I remember once when shopping in Oxford Street, being thoroughly fed up of all the thumpy music in most of the clothes shops, I went into (I think) Laura Ashley, where the piped music was Vaughan Williams' Variations on a theme by Thomas Tallis. I was so enchanted I bought something (probably just a scarf or something similar) although I'd really only gone into the shop to browse.
 
Posted by churchgeek (# 5557) on :
 
I think I'm going to be the second person here to respond to the OP (which was asking why people might be uncomfortable with silence).

Mostly, my own answer is very similar to Paul's. I'm bipolar type 2 (tending mostly to depression and dysphoric hypomania, but not psychosis or all-out mania). So my brain can be a very unsafe place. Having external noise helps me not spiral down with it.

I also want to second this:

quote:
Originally posted by Paul.:
If I have a point - other than just personal sharing - it's that don't assume people who eschew silence are just spiritually shallow.

My second reason is related. I grew up in the country, very isolated. Being (undiagnosed and untreated) bipolar in that environment, especially since I'm naturally a people-person (right on the line between introvert & extrovert). The quiet made me feel lonely, and made time seem to pass slowly. It also amplified my restless mind.

My third reason is simply that I often like having some kind of leveling noise/sound that covers potentially distracting sounds: people chewing, sniffling, shifting in their seats; outside noises, etc. Especially if I need to concentrate or if I'm feeling irritable (common with a mood disorder). If I need to pray, read, or write, music helps me do that.
 
Posted by Ariel (# 58) on :
 
quote:
Originally posted by churchgeek:
I also want to second this:
quote:
Originally posted by Paul.:
If I have a point - other than just personal sharing - it's that don't assume people who eschew silence are just spiritually shallow.

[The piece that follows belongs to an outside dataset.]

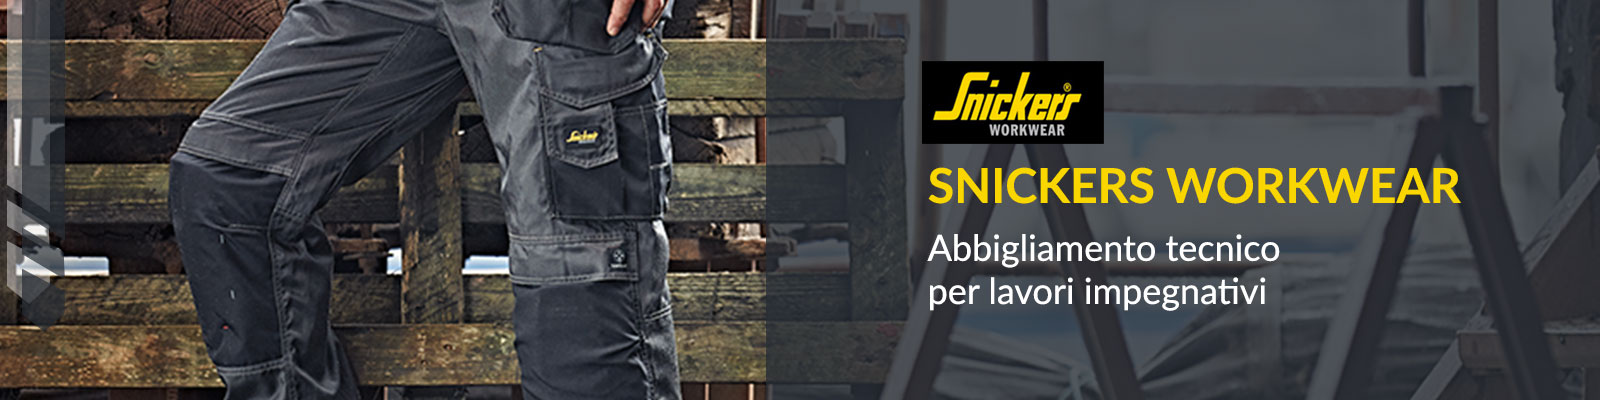 Snickers Workwear - Abbigliamento Tecnico da lavoro

I don't think anybody on this thread has actually said this. Has something given you the impression that it has, or is this an attitude that you've come across in real life?

I am well aware that certain kinds of sound and music can be gateways to spirituality for some people, as can dancing.
 
Posted by kingsfold (# 1726) on :
 
quote:
posted by Ariel:
quote:

Originally posted by churchgeek:
I also want to second this:

quote:

Originally posted by Paul.:
If I have a point - other than just personal sharing - it's that don't assume people who eschew silence are just spiritually shallow.


I don't think anybody on this thread has actually said this. Has something given you the impression that it has, or is this an attitude that you've come across in real life?
I don't think that it's that anyone on the thread has actually said this, more that thus far the majority have expressed the view that, on the whole, it's all [far] too noisy. And I guess, as with most opinions, that comes across as being more or less judgemental, either unwittingly or deliberately.

I am, self-confessedly, one for whom silence comes naturally and (relatively) easily. For those of you who find it more difficult, please continue to try and help me to understand your perspective.
 
Posted by churchgeek (# 5557) on :
 
I can't speak for Paul, but I'll say no, nobody's said that on this thread. I've heard it implied IRL, though.
 
Posted by Jengie jon (# 273) on :
 
Another thing is insecurity. In a group, silence will often only become relaxed if people know who is in charge of ending it.